*Data records*:

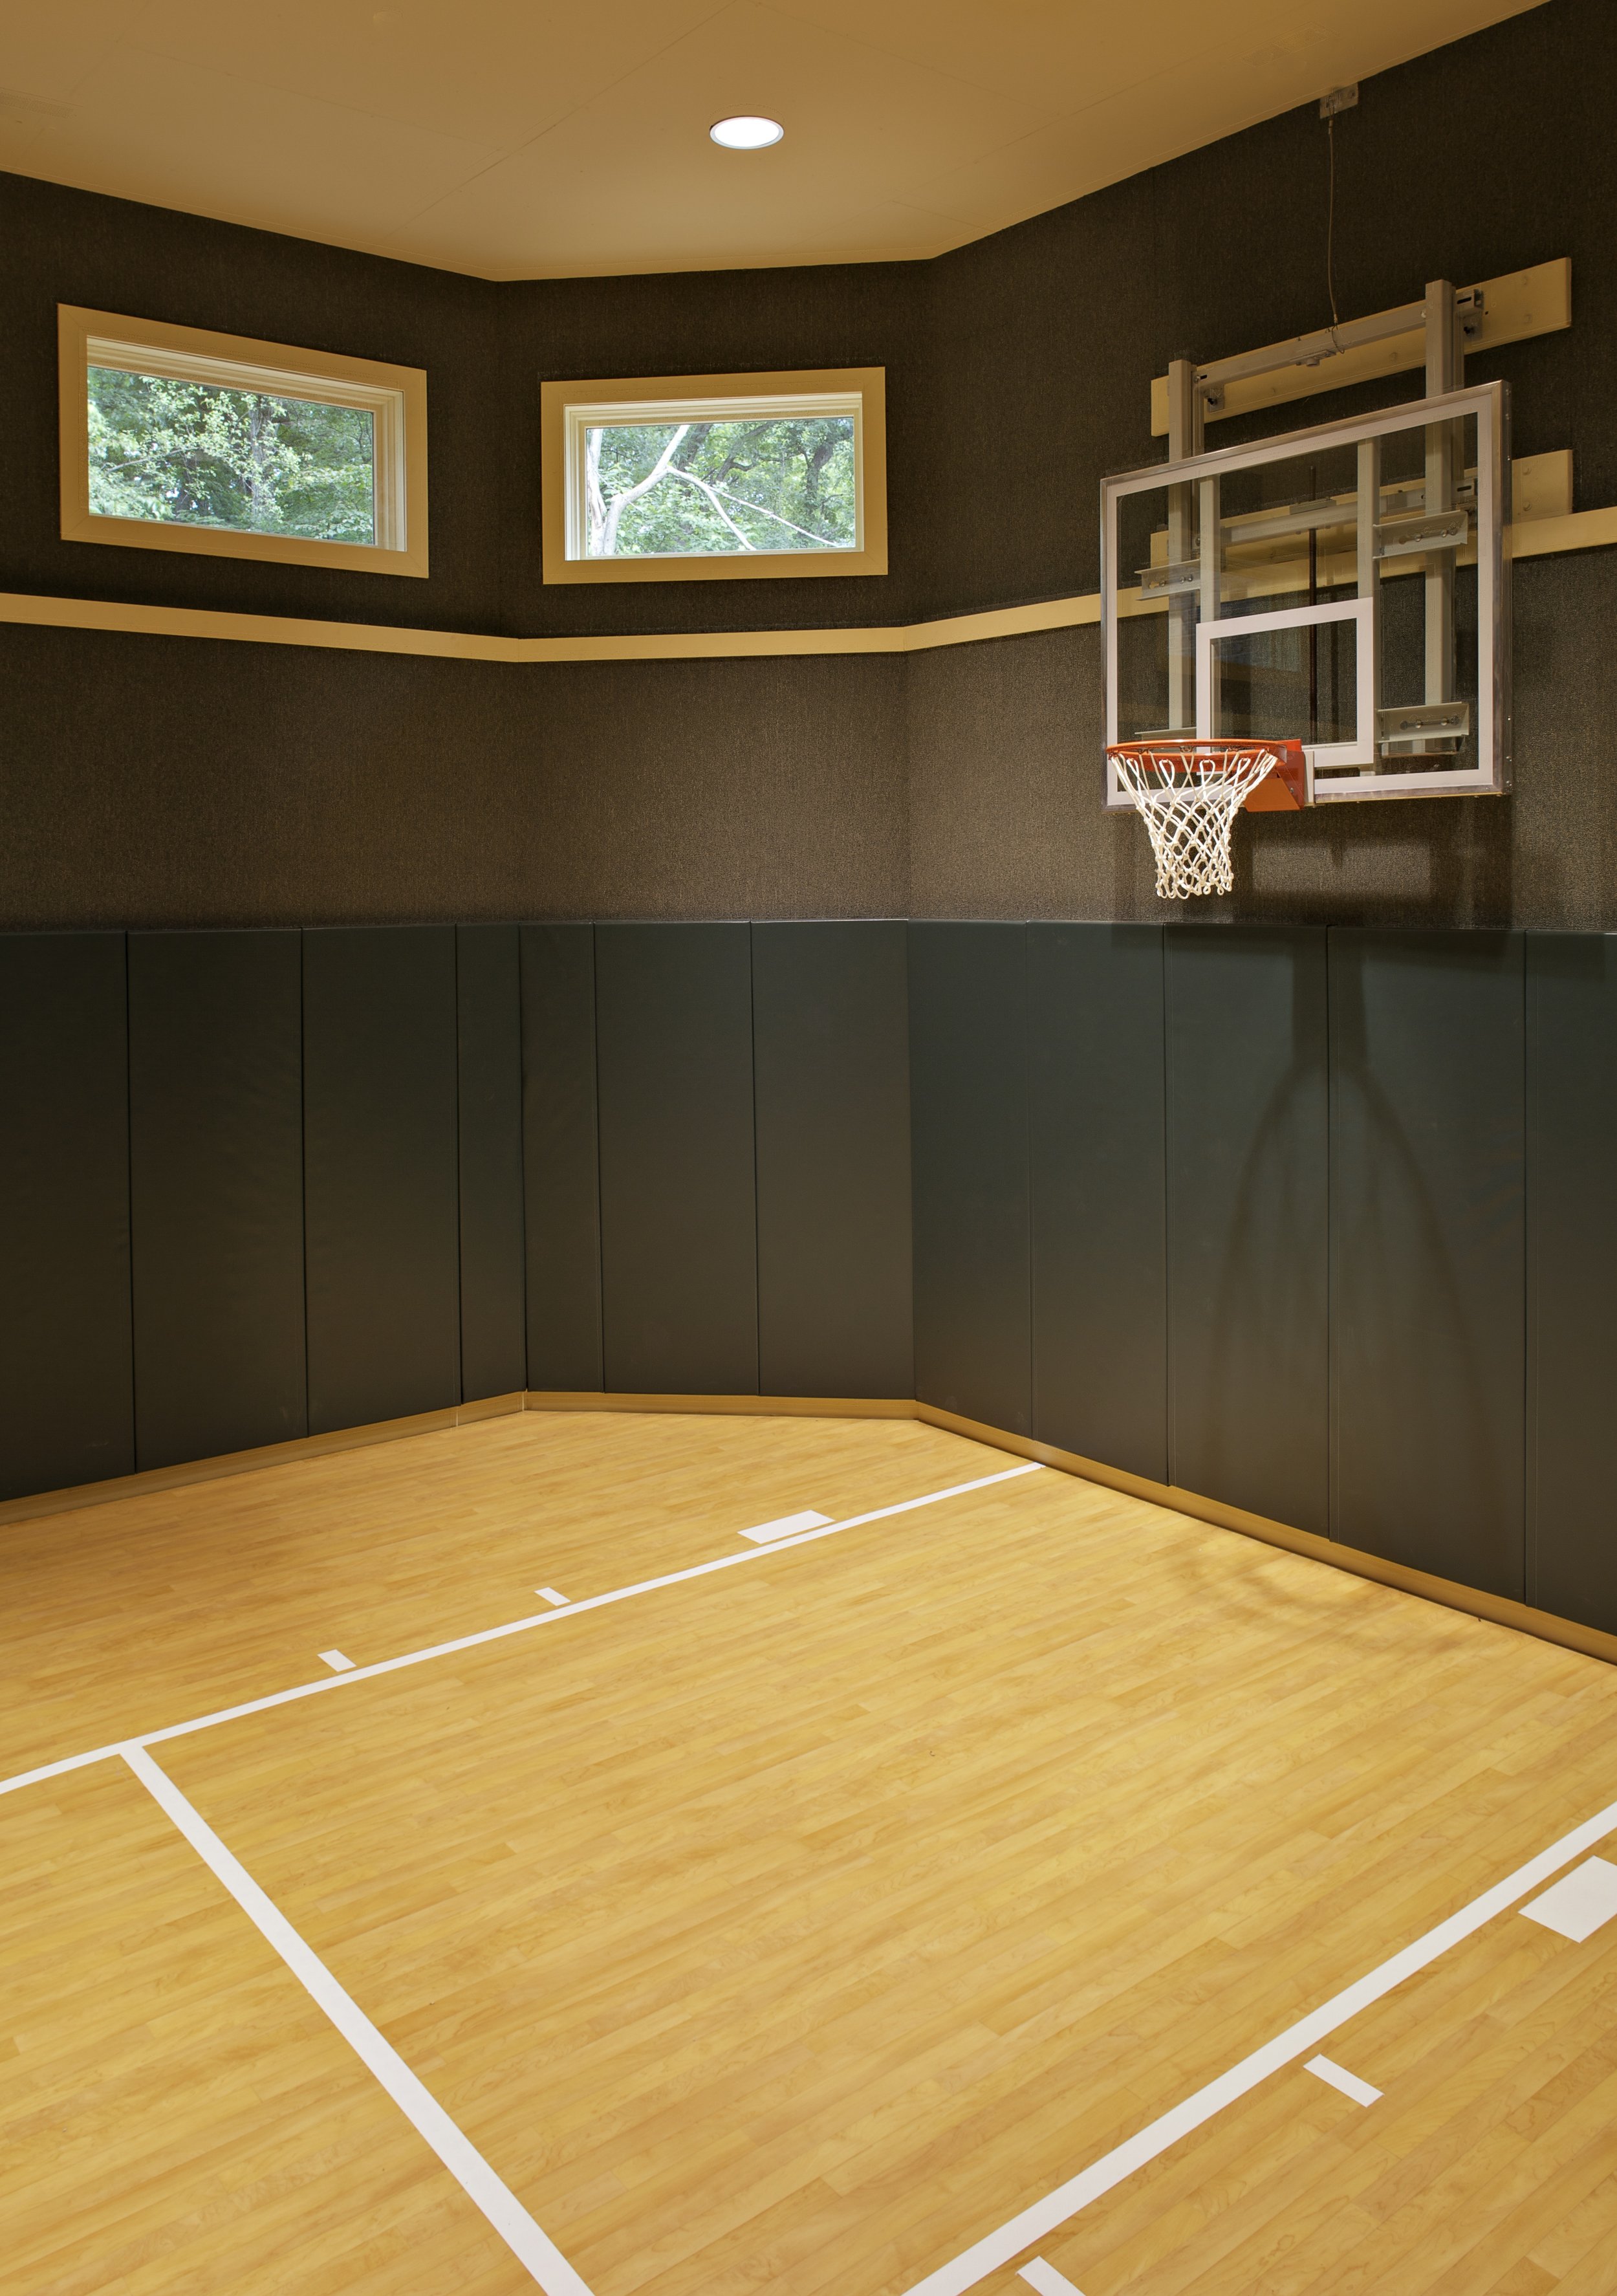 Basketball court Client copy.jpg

...

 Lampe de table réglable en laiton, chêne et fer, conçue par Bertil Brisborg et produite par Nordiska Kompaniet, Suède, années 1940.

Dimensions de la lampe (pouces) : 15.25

* * *

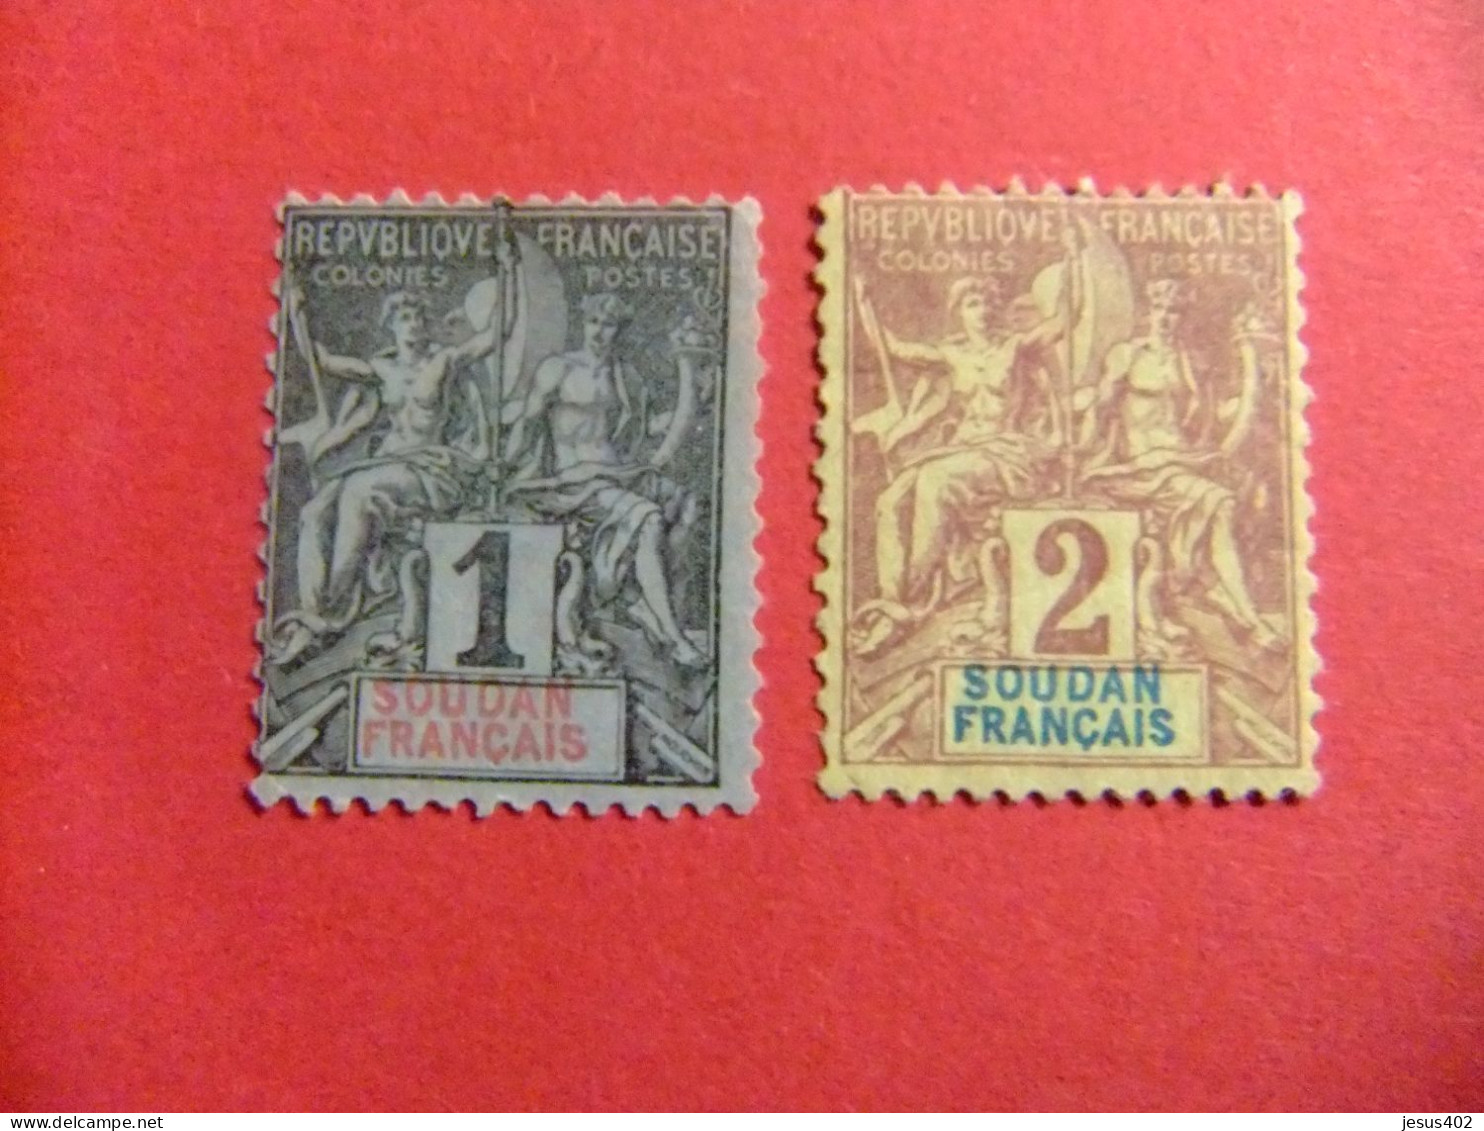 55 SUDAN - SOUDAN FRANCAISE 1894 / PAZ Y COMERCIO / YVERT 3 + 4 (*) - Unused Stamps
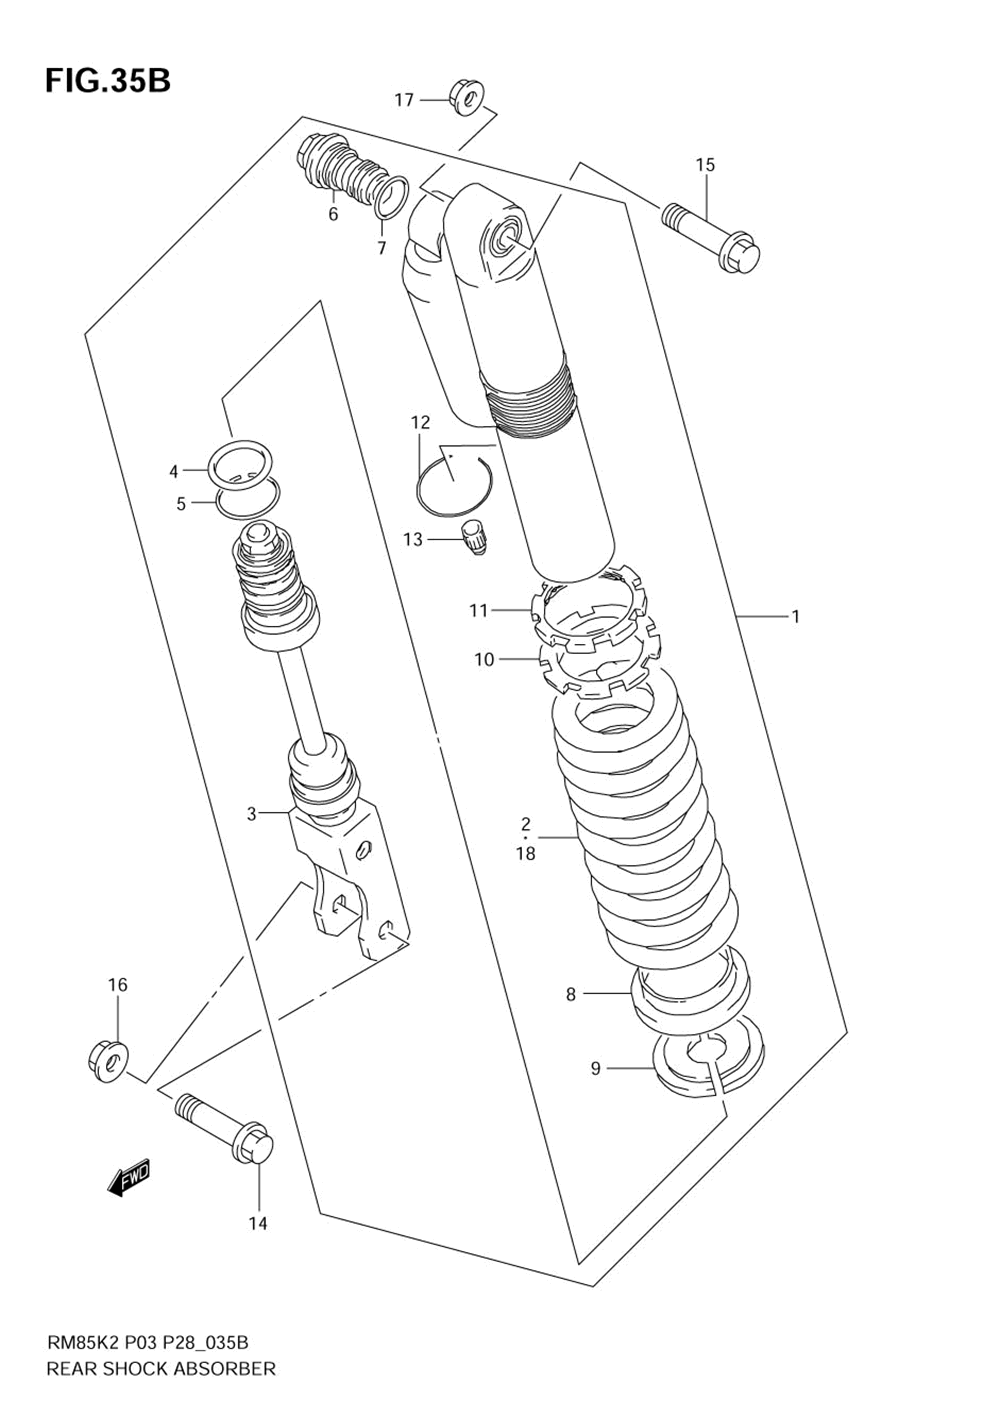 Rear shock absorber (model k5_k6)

*Exercise description*: Go back to the listing above and reproduce, exactly, the stretch from the line bearing "55 SUDAN - SOUDAN" through the line bearing "Rear shock absorber (model k5_k6)", without its pictures.

*Your solution*:
 55 SUDAN - SOUDAN FRANCAISE 1894 / PAZ Y COMERCIO / YVERT 3 + 4 (*) - Unused Stamps
 Rear shock absorber (model k5_k6)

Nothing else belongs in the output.